## [Assignment]
Please repeat the data exactly. Any picture in it stays out.

## [Source data]
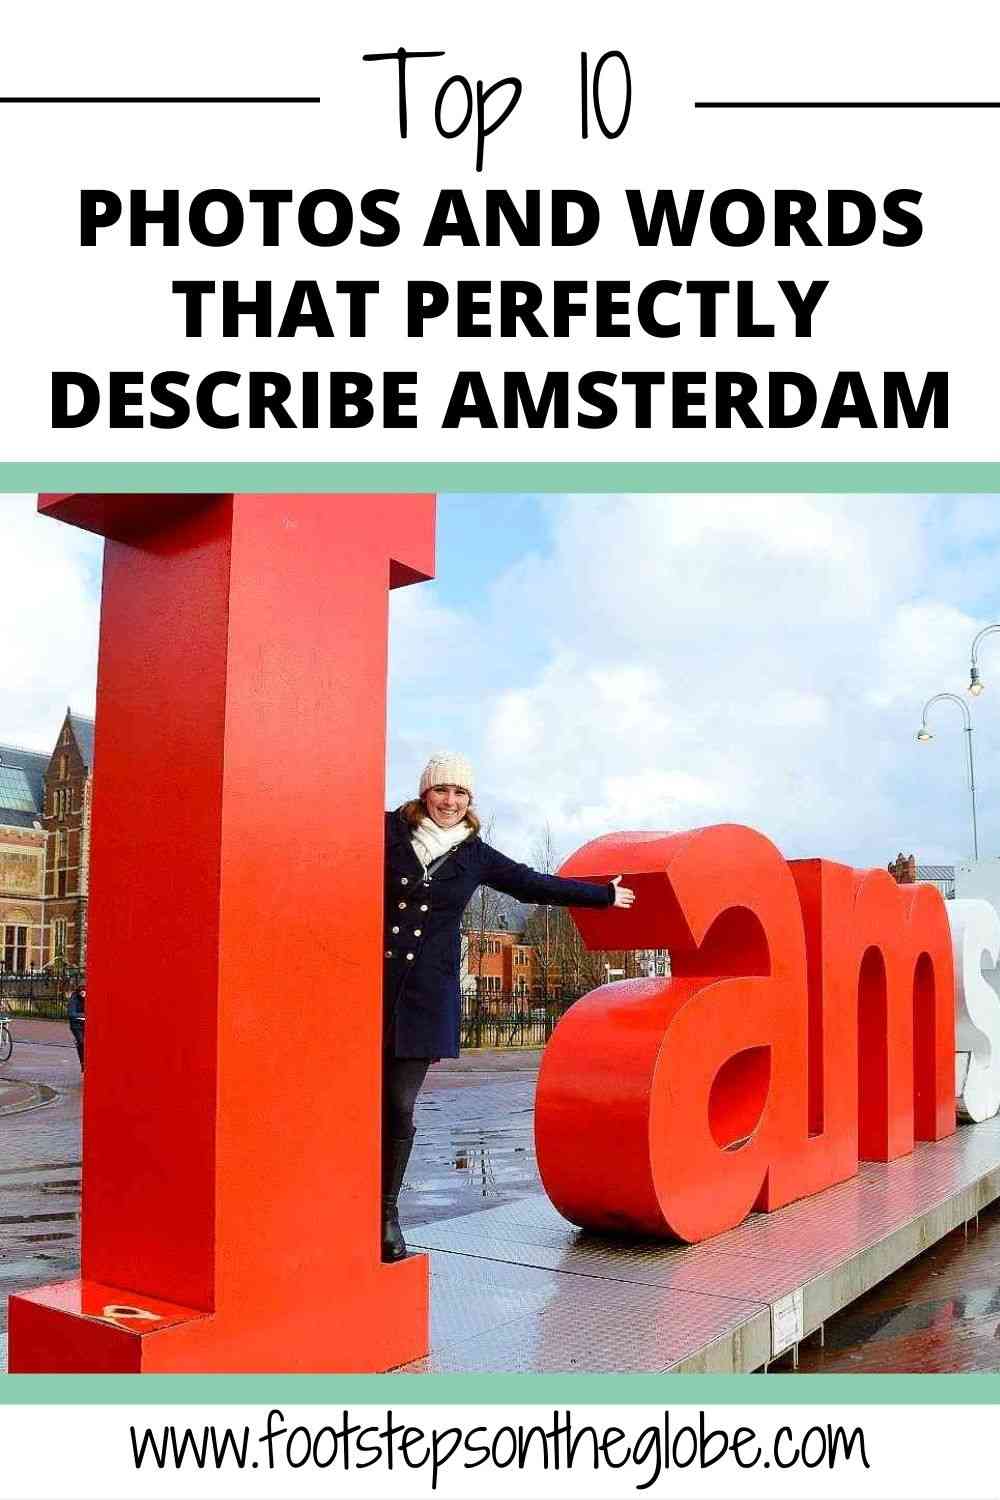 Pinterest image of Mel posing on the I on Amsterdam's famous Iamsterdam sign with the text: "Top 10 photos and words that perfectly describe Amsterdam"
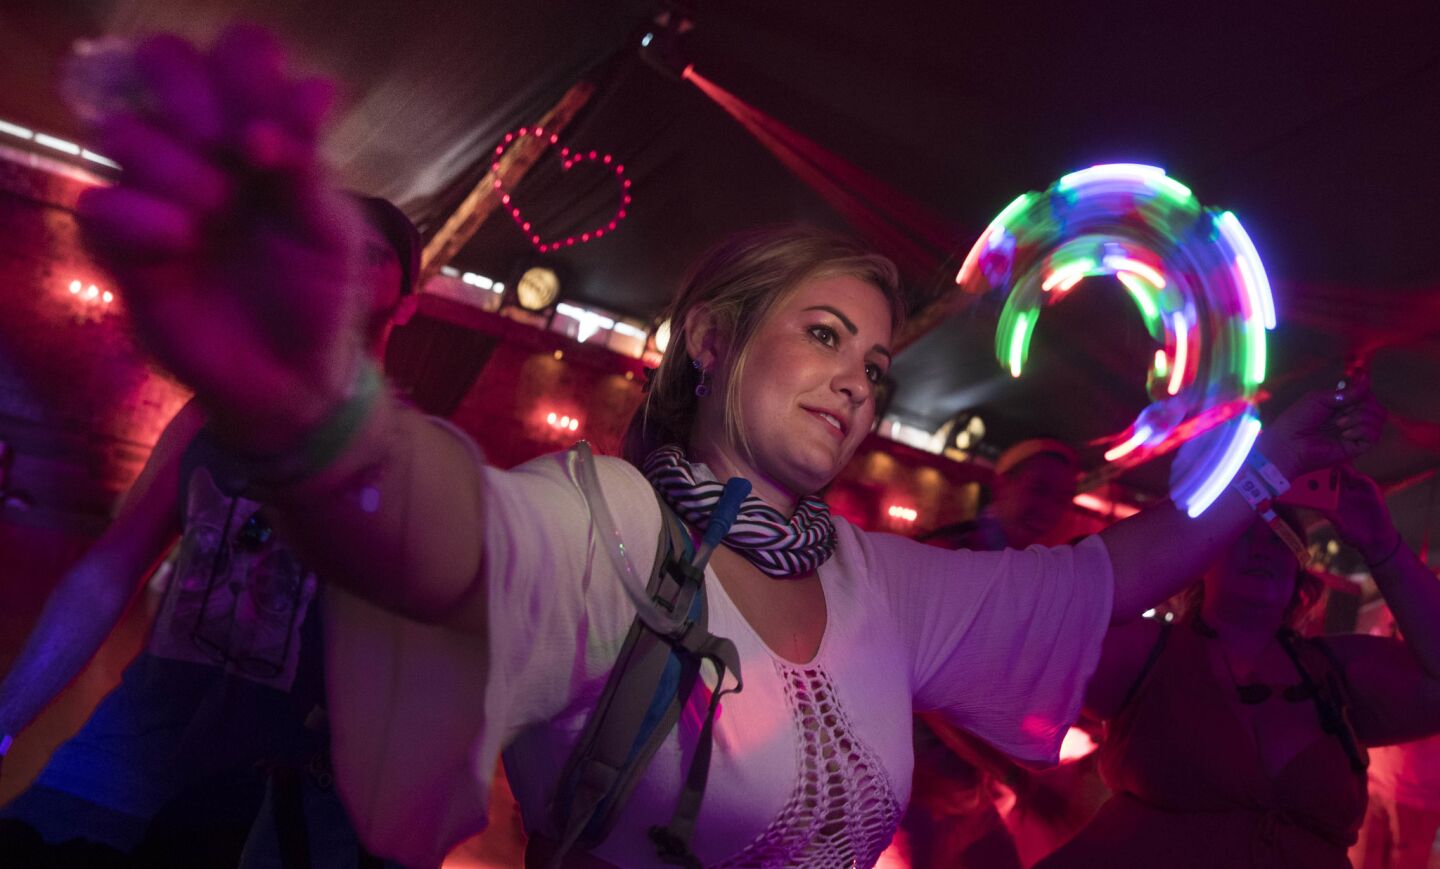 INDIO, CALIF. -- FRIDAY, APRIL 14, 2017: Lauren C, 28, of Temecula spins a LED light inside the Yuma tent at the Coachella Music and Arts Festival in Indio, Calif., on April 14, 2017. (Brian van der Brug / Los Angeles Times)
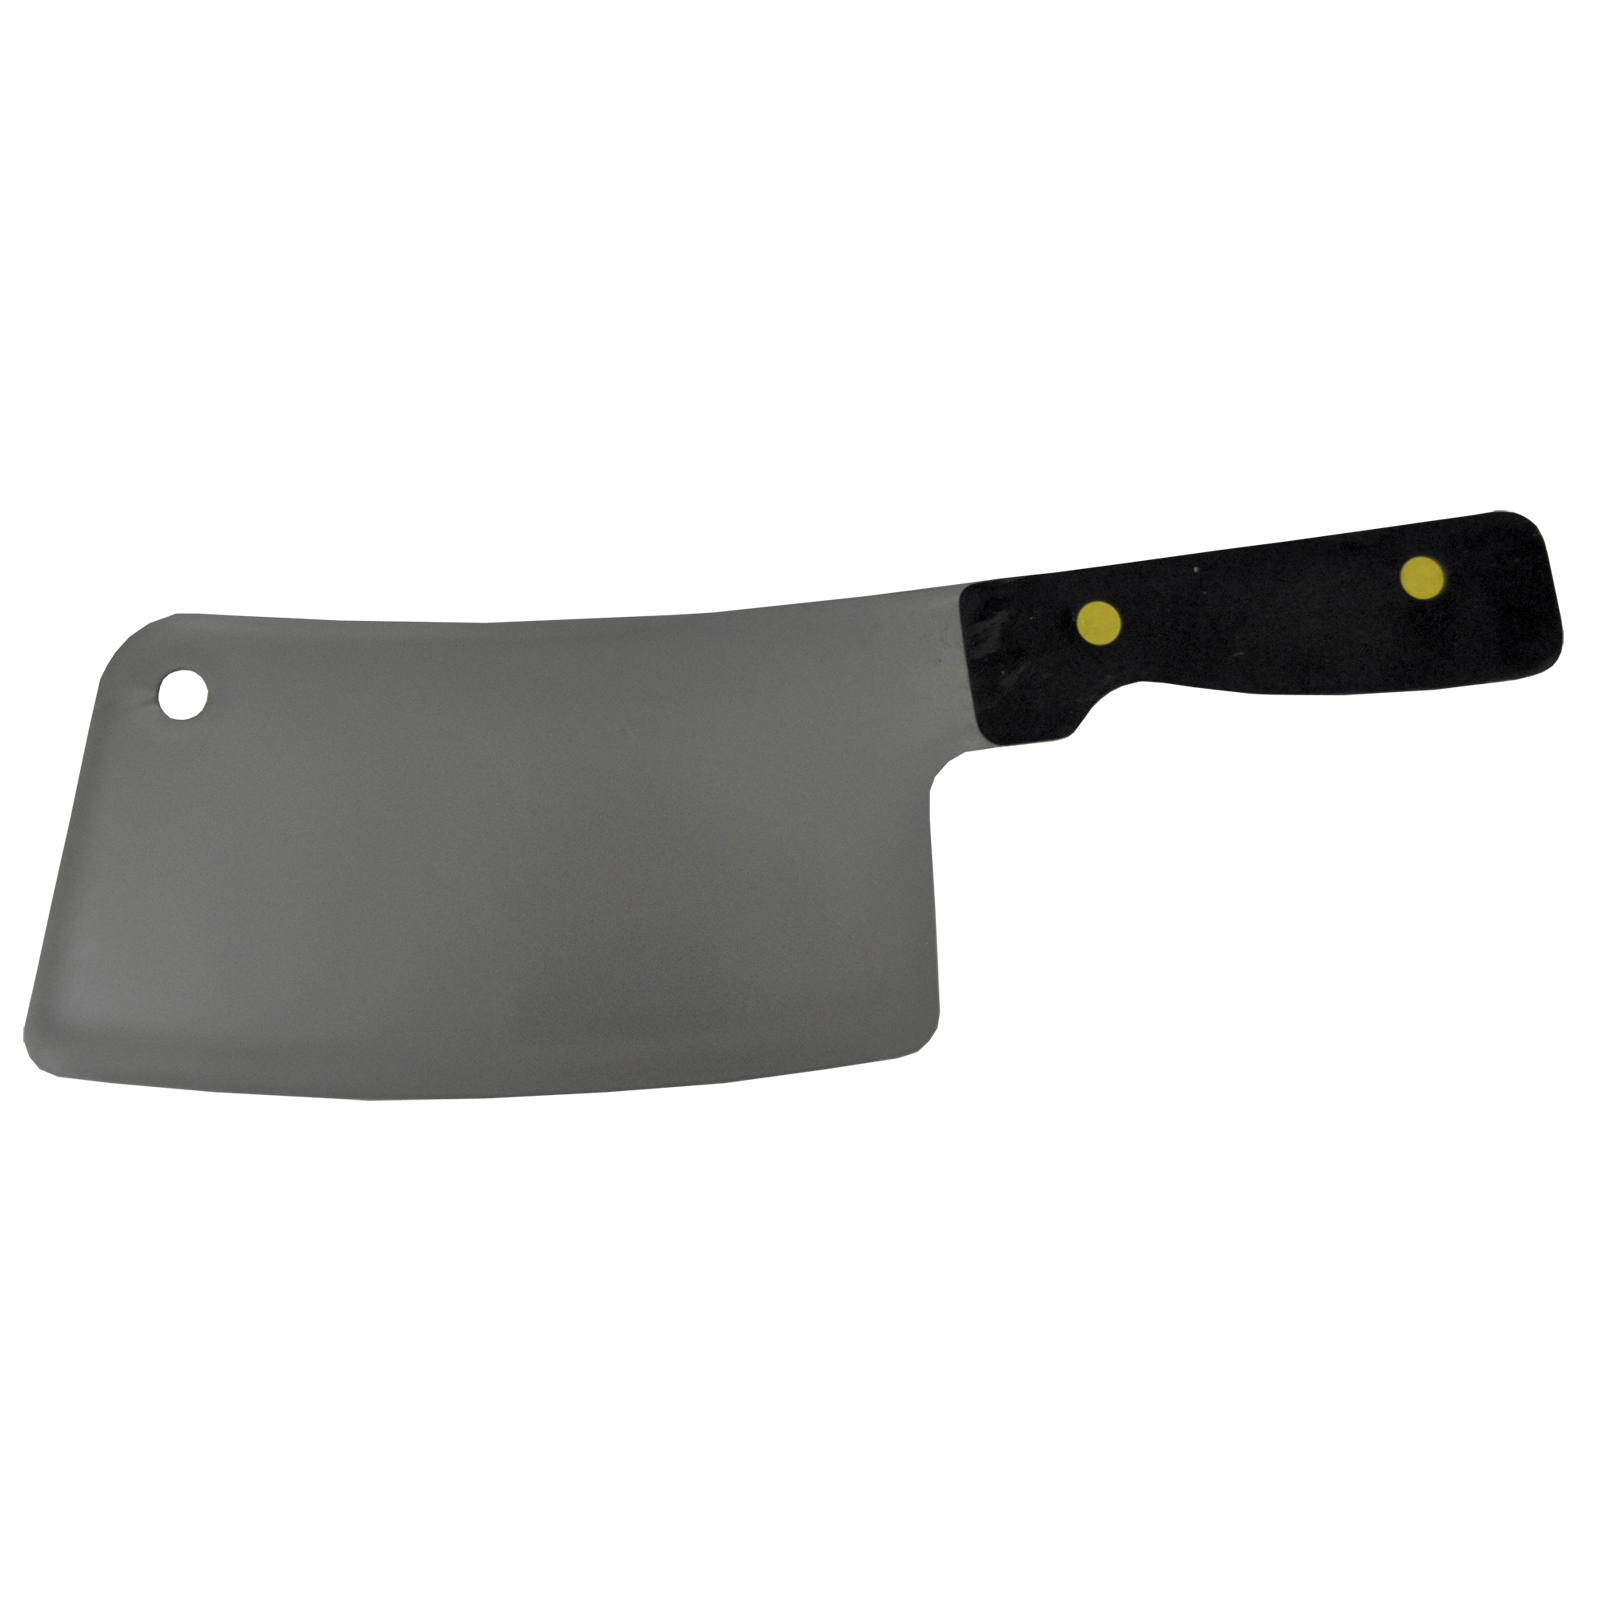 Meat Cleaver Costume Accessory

## [Your response]
 Pinterest image of Mel posing on the I on Amsterdam's famous Iamsterdam sign with the text: "Top 10 photos and words that perfectly describe Amsterdam"
 INDIO, CALIF. -- FRIDAY, APRIL 14, 2017: Lauren C, 28, of Temecula spins a LED light inside the Yuma tent at the Coachella Music and Arts Festival in Indio, Calif., on April 14, 2017. (Brian van der Brug / Los Angeles Times)
 Meat Cleaver Costume Accessory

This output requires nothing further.